Erken yaşta meme kanseri: Neden riskler daha fazla

Genel kanser türleri içinde en ölümcül beşinci, kadınlarda ise ilk sıralarda gelen meme kanserinin özellikle erken teşhisin az olması nedeniyle 40 yaş altında daha tehlikeli olduğu bildiriliyor.

Konuya ilişkin verileri paylaşan Fransa Meme Bilimleri ve Hastalıkları Enstitüsü (SFSPM) adlı bir kuruluşun araştırma yaptığı Fransa’da resmi verilere göre meme kanserine yakalananların ortalama yaşı 63 iken, 40 yaşın altında bu hastalığın tespit edildiği kadınlar da bulunuyor. Her yıl ortalama 60 bin yeni meme kanseri vakası kaydedilirken, bunların yüzde 5’ini 40 yaş altı kadınlar oluşturuyor.

ERKEN YAŞTA YAKALANMANIN NEDENLERİ

Yapılan araştırmalar, her ne kadar neden-sonuç ilişkisini kesin olarak ortaya koymasa da bazı faktörlerin kadınlarda 40 yaşından önce meme kanseri görülmesinde etkili olabileceği yönünde.

Bunlar arasında 11 yaşından önce püberte (ergenlik) dönemine girilmesi; çocuk sahibi okunulmaması veya 30-35 yaş aralığında ilk çocuğun doğurulması; iyonlu radyasyonlara yoğun biçimde maruz kalınması bulunuyor. Ayrıca birinci ve ikinci dereceden akrabalarda aynı hastalığın görülmesi ile kanser öncesi lezyonların bizzat kendisinde görülmesi gibi durumlar, kadınların meme kanserine yakalanmasını arttırıcı riskler olarak kabul ediliyor.

MAMOGRAFİLERİN GEÇ YAŞTA YAPILMASI TÜMÖRLERİN TEHLİKESİNİ ARTTIRIYOR

Genç yaştaki kadın hastalarda meme kanserinin diğer yaşlara oranla daha tehlikeli olma riski de bulunuyor. Bu ise erken teşhis ile bağlantılı.

Örneğin Fransa’da normal şartlarda herhangi bir belirti olmamasına rağmen kadınların iki yılda bir ücretsiz mamografi hakkı bulunuyor. Son veriler, bu sayede meme kanseri vakalarının ve bu hastalıktan ölümlerin ciddi oranda azaldığını gösteriyor.
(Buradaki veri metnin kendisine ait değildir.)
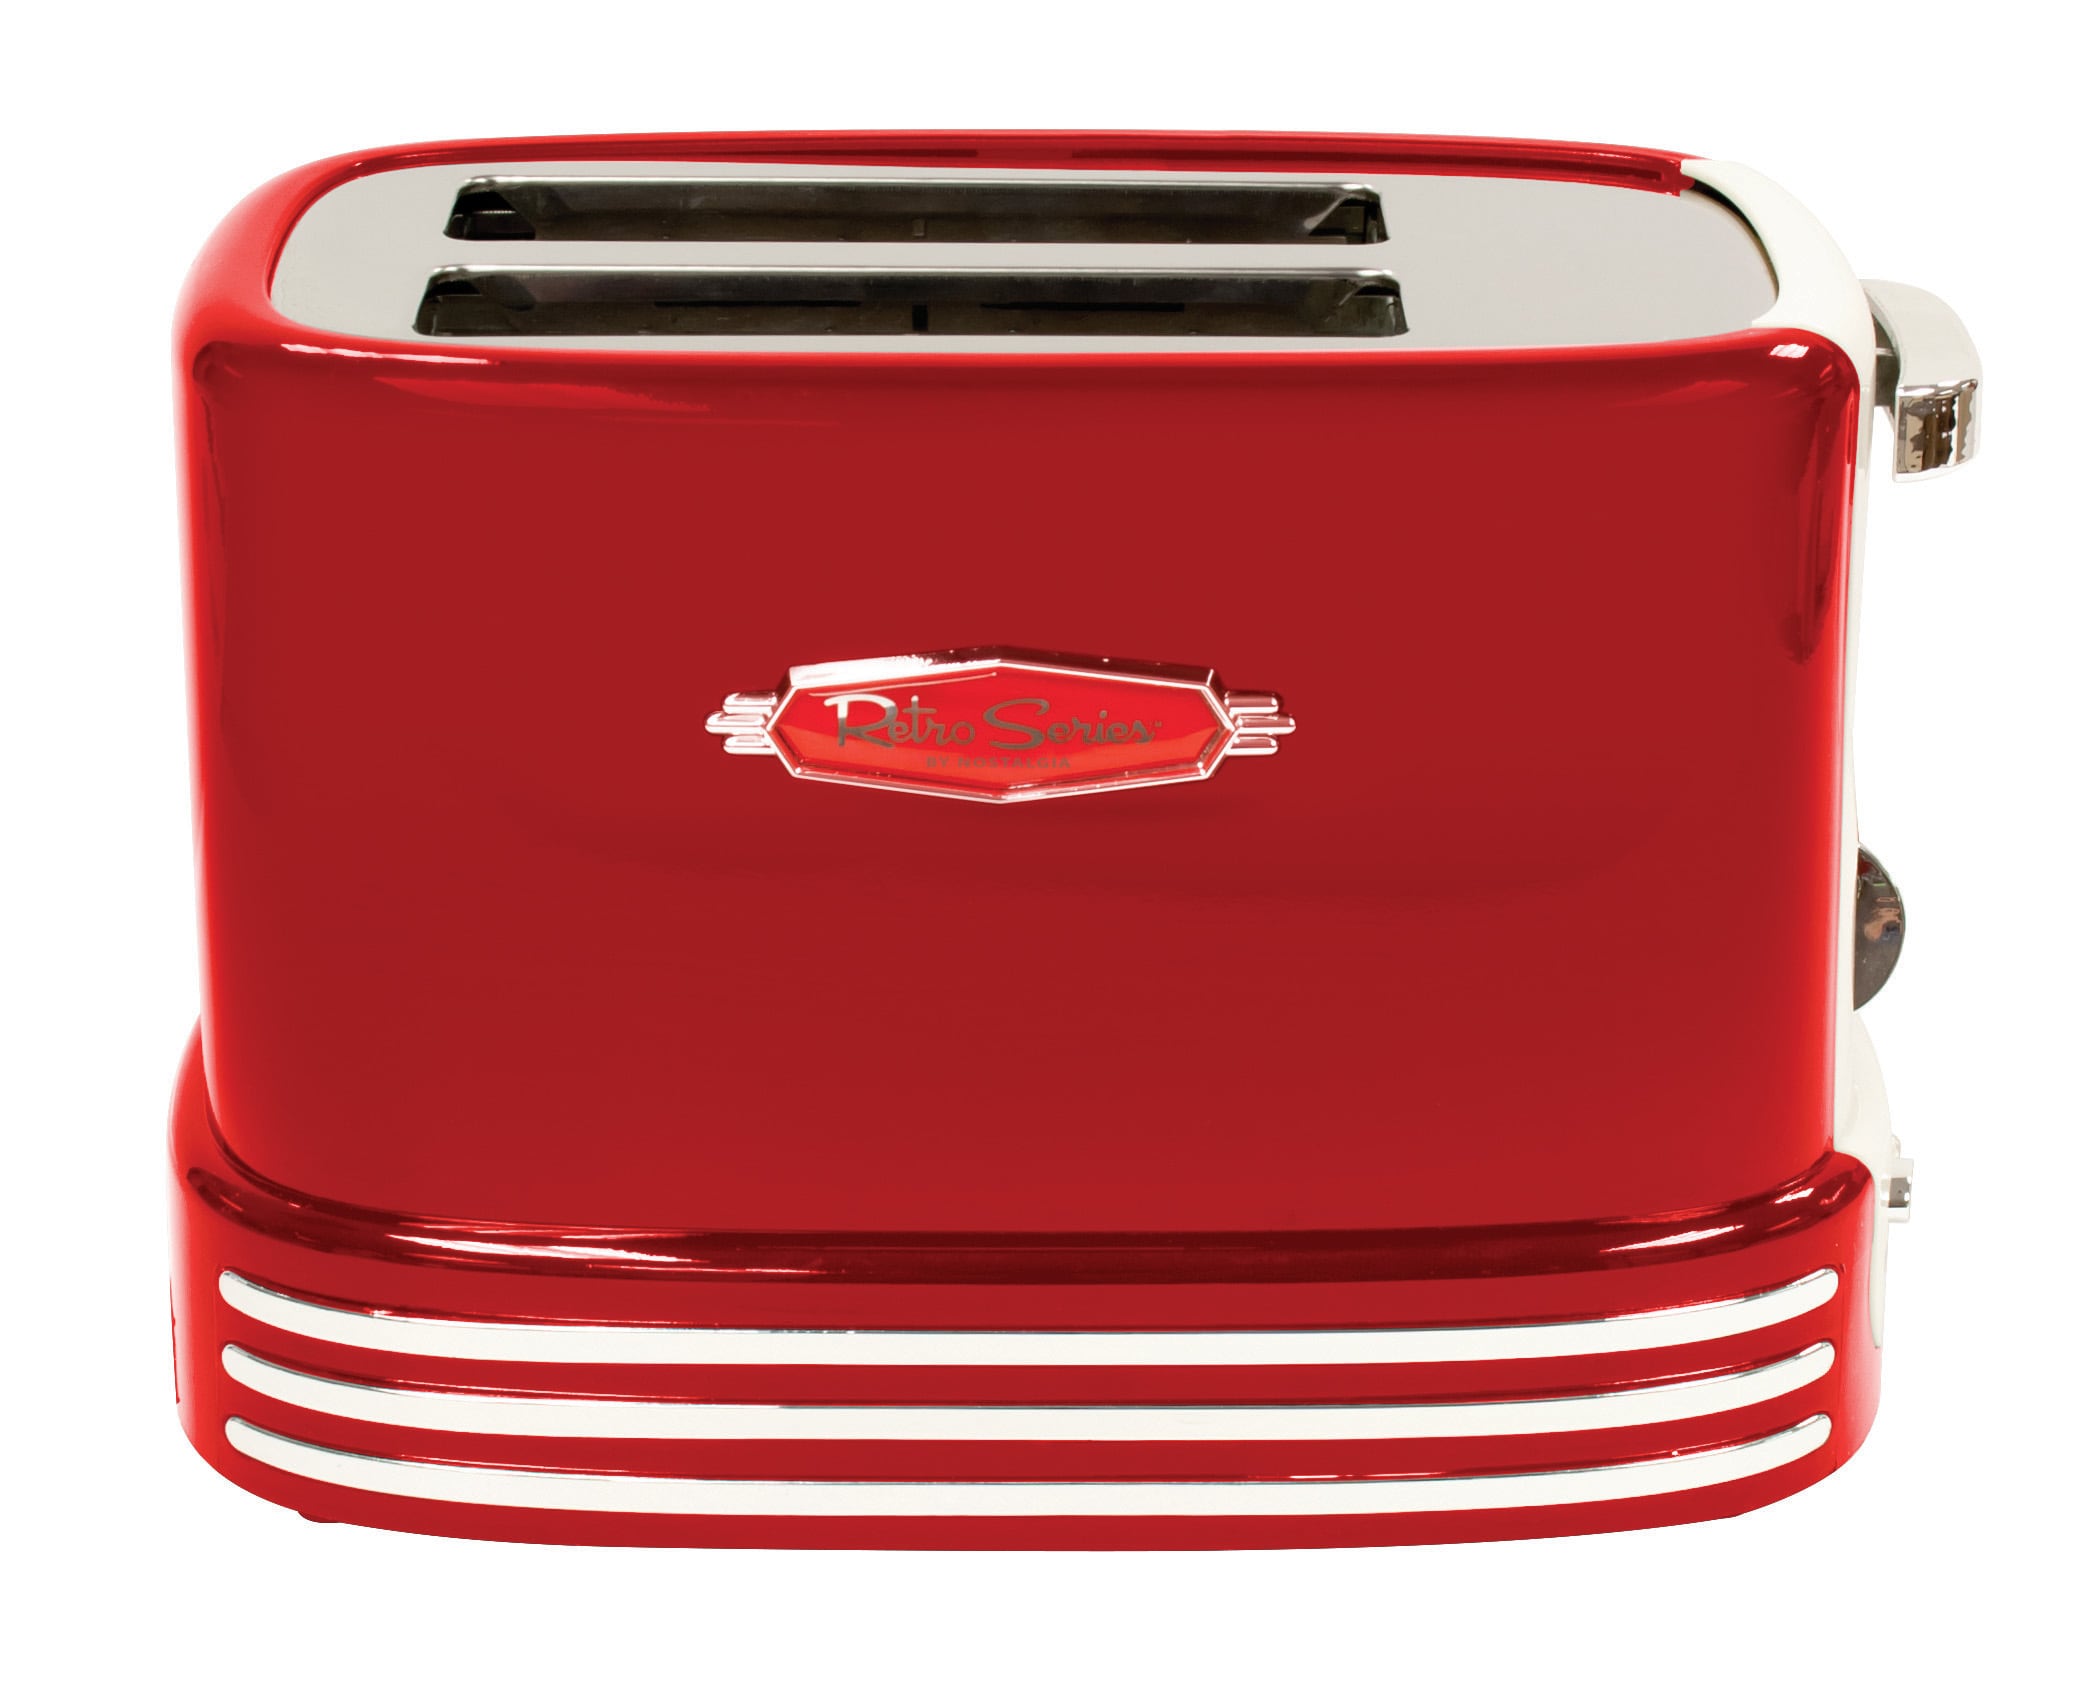 Nostalgia Retro 2-Slice Bagel Toaster - Pink
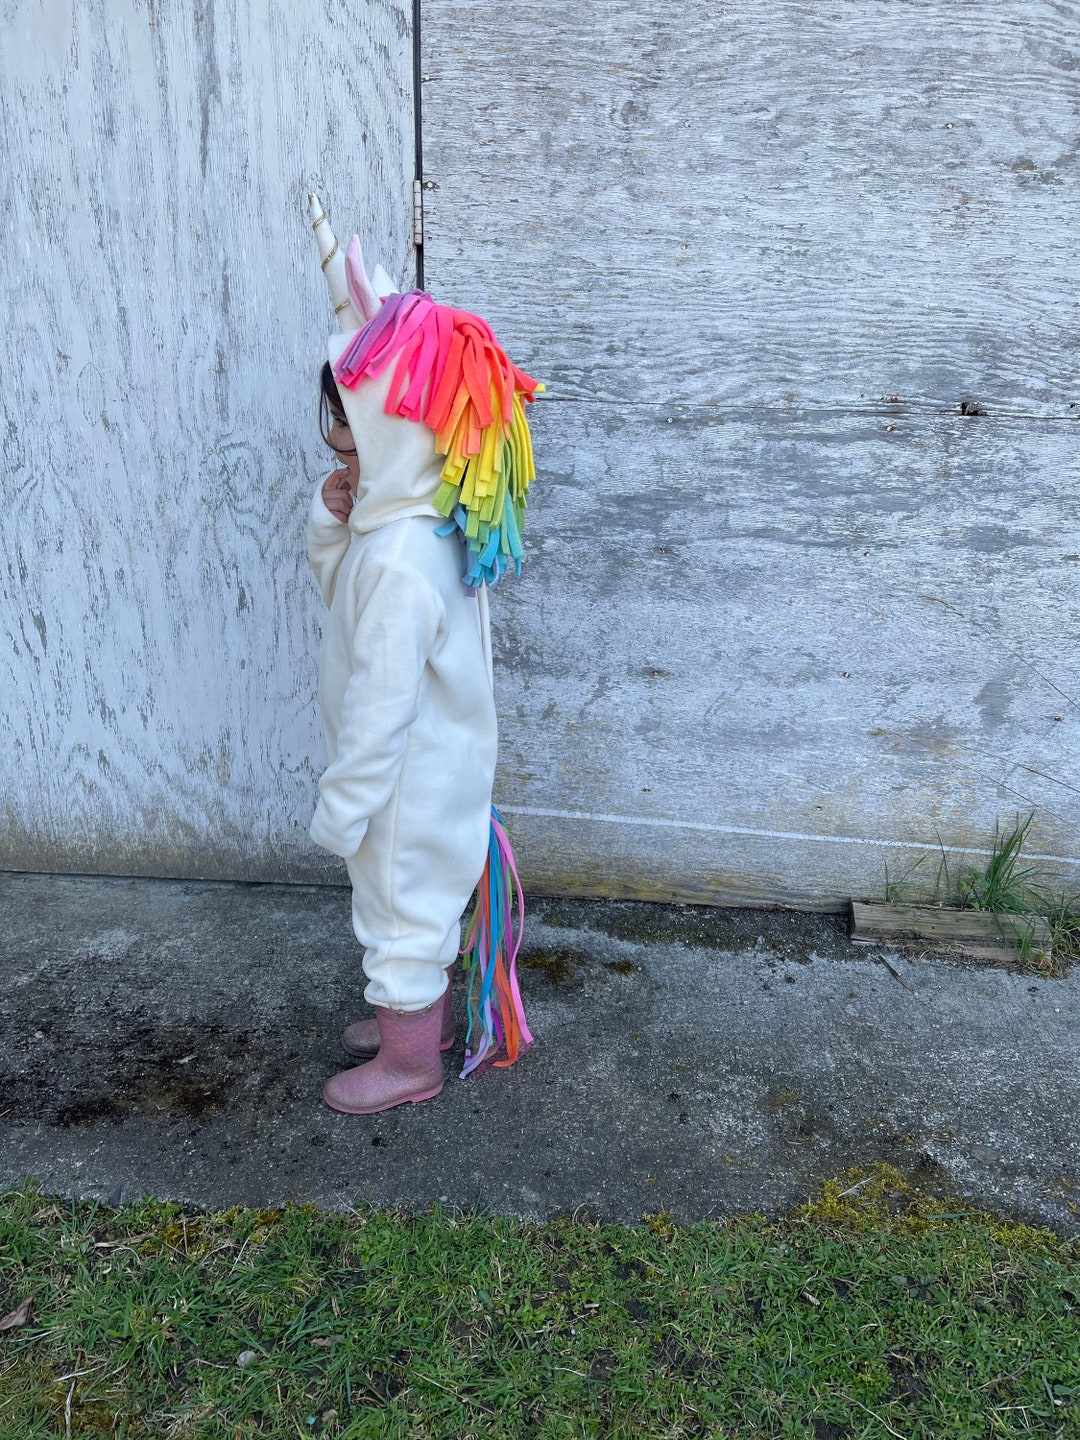 adult homemade unicorn costume

Ayrıca meme kanserine yakalandıktan sonra en az 5 yıl yaşayabilen kadınların sayısı da her geçen gün artıyor. Yani erken teşhis çok ciddi öneme sahip. 

Ancak 40 yaş altı kadınlarda meme kanseri daha çok kendi kendine meme muayenesi veya tesadüfen bir doktor muayenesi sayesinde ortaya çıkıyor. Bu ise birçok vakada hastalığa neden olan tümörün ilerlemiş aşamalarında anlaşılması demek.

ÜÇTE BİRİ AMELİYAT GEREKTİRİYOR

Geç teşhis edilmeleri nedeniyle 40 yaş altı kadınlardaki meme kanserlerinin yüzde 35’inde mastektomi denilen ve kanser dokusunun alındığı ameliyatlara ihtiyaç duyuluyor. Ayrıca ameliyatla sonuçlanan vakalarda daha sonra tümörlerin yeniden çıkması ihtimalinin yüksek olması nedeniyle ameliyat edilenlerin yüzde 60-70 arası kadarının kemoterapiye ihtiyacı oluyor.

Ancak kemoterapi de özellikle çocuk sahibi olmak isteyen kadınlar açısından risk oluşturuyor, çünkü bu tür tedaviler doğurganlığı olumsuz etkiliyor.

GENEL RAKAMLAR

Birleşmiş Milletler (BM)’ye bağlı Dünya Sağlık Örgütü (DSÖ) verilerine göre, 2015 itibariyle tüm dünyadaki 8,8 milyon kanser ölümü içerisinde meme kanserinin payı 570 binin üzerinde idi. Akciğer, karaciğer, kolorektal ve mide kanserinden sonra en çok ölümlerde beşinci sırada gelen meme kanseri, kadınlarda ise birçok gelişmiş ülkede en fazla görülen kanser türlerinin başında geliyor.